A common assumption in the learning from crowds literature is that conditioning on the ground truth, the crowdsourced labels and the data are independent, as shown in Figure 1 (a). Under this assumption, the crowdsourced labels correlate with the data due to and only due to the ground truth. Thus, this assumption tells us the ground truth is the “information intersection” between the crowdsourced labels and the data. This “information intersection” assumption does not restrict the information structure among the crowds i.e. this assumption still holds even if some people of the crowds make highly correlated mistakes.
We present several possible information structures under the “information intersection” assumption in Figure 1 (b). The majority vote will lead to inaccurate results in all cases if the experts have different levels of expertise and will induce extremely biased results in case (2) when a large number of junior experts always label class 1. The approaches that require the experts to make independent mistakes will lead to biased results in case (3), when the experts make highly correlated mistakes
In this paper, we propose an information theoretic approach, MaxMIG, for joint learning from crowds, with a common assumption: the crowdsourced labels and the data are independent conditioning on the ground truth. To the best of our knowledge, this is the first algorithm that is both theoretically and empirically robust to the situation where some experts make highly correlated mistakes and some experts label effortlessly, without knowing the information structure among the experts. Our algorithm simultaneously aggregates the crowdsourced labels and learns an accurate data classifier. In addition, we propose a method to learn an accurate datacrowds forecaster that can employ both the data and the crowdsourced labels.
At a high level, our algorithm trains a data classifier and a crowds aggregator simultaneously to maximize their “mutual information”. This process will find the “information intersection” between the data and crowdsourced labels i.e. the ground truth labels. The datacrowds forecaster can be easily constructed from the trained data classifier and the trained crowds aggregator. This algorithm allows the conditional dependency among the experts as long as the intersection assumption holds.
We design the crowds aggregator as the “weighted average” of the experts. This simple “weighted average” form allows our algorithm to be both highly efficient in computing and theoretically robust to a large family of information structures (e.g. case (1), (2), (3) in Figure 1 (b)). Particularly, our algorithm works when there exists a subset of senior experts, whose identities are unknown, such that these senior experts have mutually independent labeling biases and it is sufficient to only use the seniors’ information to predict the ground truth label. For other junior experts, they are allowed to have any dependency structure among themselves or between them and the senior experts.
2 Related work
A series of works consider the learning from crowds problem and mix the learning process and the aggregation process together. Raykar et al. (2010) reduce the learning from crowds problem to a maximum likelihood estimation (MLE) problem, and implement an EM algorithm to jointly learn the expertise of different experts and the parameters of a logistic regression classifier. Albarqouni et al. (2016) extend this method to combine with the deep learning model. Khetan et al. (2017) also reduce the learning problem to MLE and assume that the optimal classifier gives the ground truth labels and the experts make independent mistakes conditioning on the ground truth. Unlike our method, these MLE based algorithms are not robust to correlated mistakes. Recently, Guan et al. (2017) and Rodrigues & Pereira (2017) propose methods that model multiple experts individually and explicitly in a neural network. However, their works lack theoretical guarantees and are outperformed by our method in the experiments, especially in the naive majority case. Moreover, unlike our method, their methods cannot be used to employ both the data and the crowdsourced labels to forecast the ground truth.

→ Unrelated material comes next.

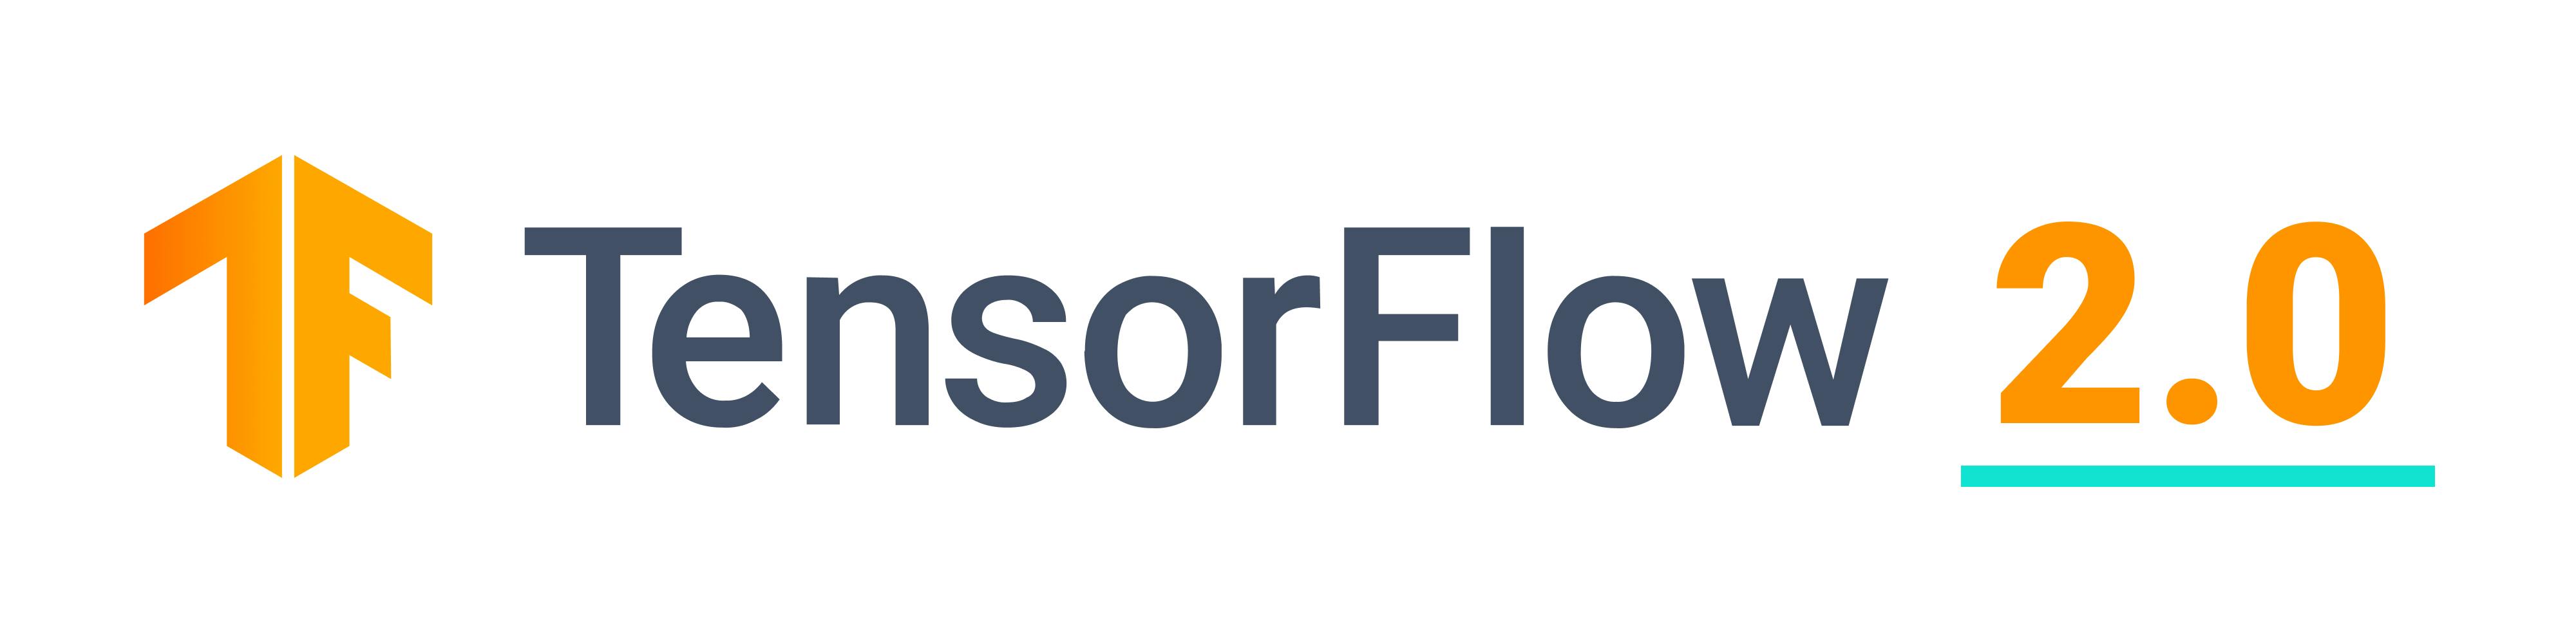 tensorflow 2.0 logo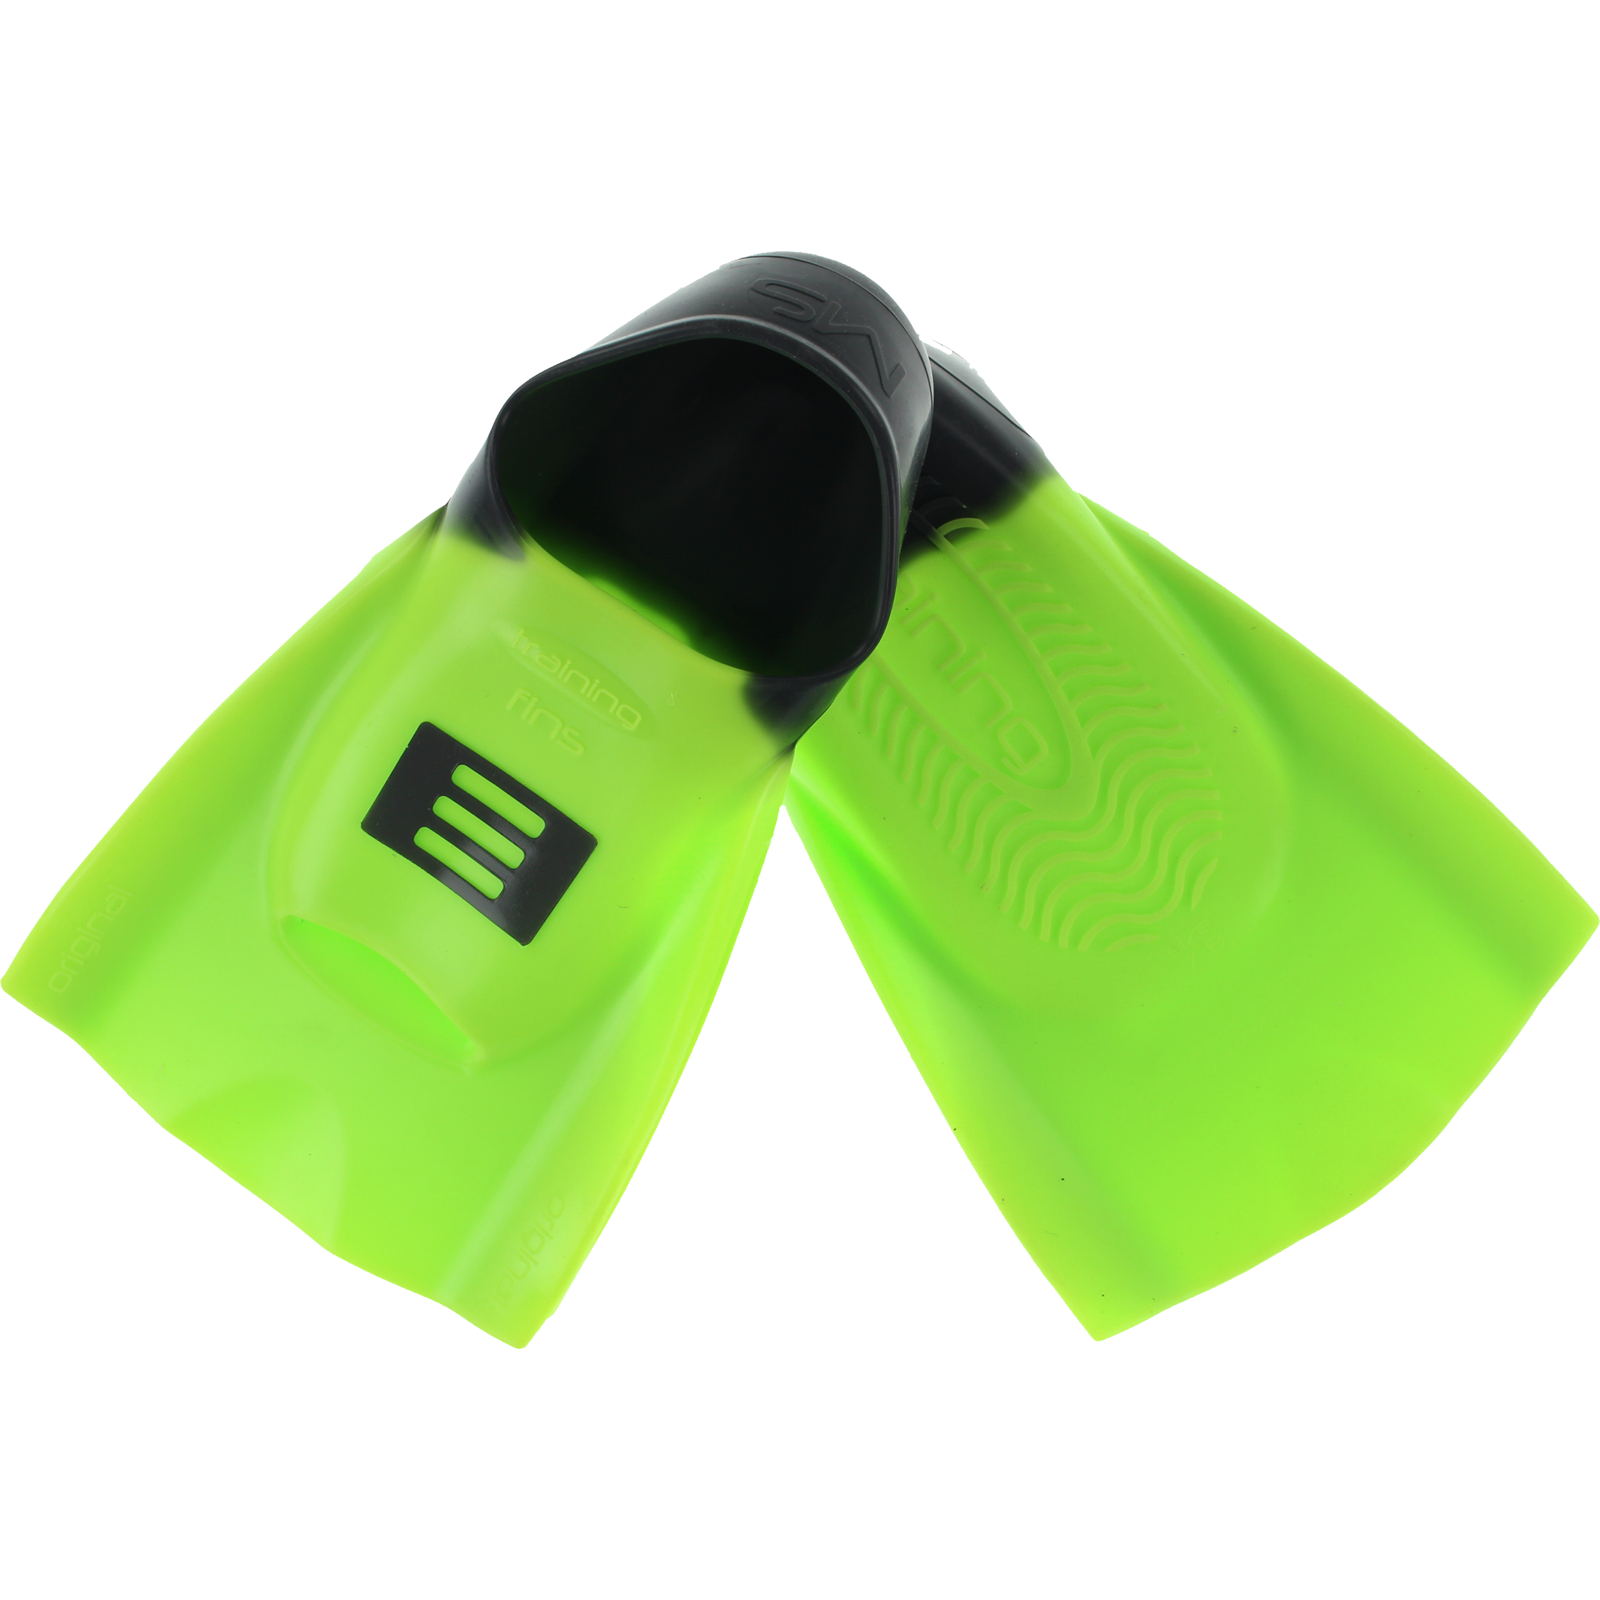 DMC Training Swim Fins - SMALL/MEDIUM Green/Charcoal (Size 7-8)

Several works focus on modeling the experts. Whitehill et al. (2009) model both expert competence and image difficulty, but did not consider expert bias. Welinder et al. (2010) model each expert as a multidimensional classifier in an abstract feature space and consider both the bias of the expert and the difficulty of the image. Rodrigues et al. (2014) model the crowds by a Gaussian process. Khetan & Oh (2016); Shah et al. (2016) consider the generalized DawidSkene model (Dawid & Skene, 1979) which involves the task difficulty. However, these works are still not robust to correlated mistakes. We model the crowds via the original DawidSkene model and do not consider the task difficulty, but we believe our MaxMIG framework can be incorporated with any model of the experts and allow correlated mistakes.
Our method differs from the works that focus on inferring ground truth answers from the crowds’ reports and then learn the classifier with the inferred ground truth (e.g. (Dawid & Skene, 1979; Zhou et al., 2012; Liu et al., 2012; Karger et al., 2014; Zhang et al., 2014; Dalvi et al., 2013; Ratner et al., 2016)) since our method simultaneously infers the ground truth and learns the classifier. In addition, our method provides a datacrowds forecaster while those works do not.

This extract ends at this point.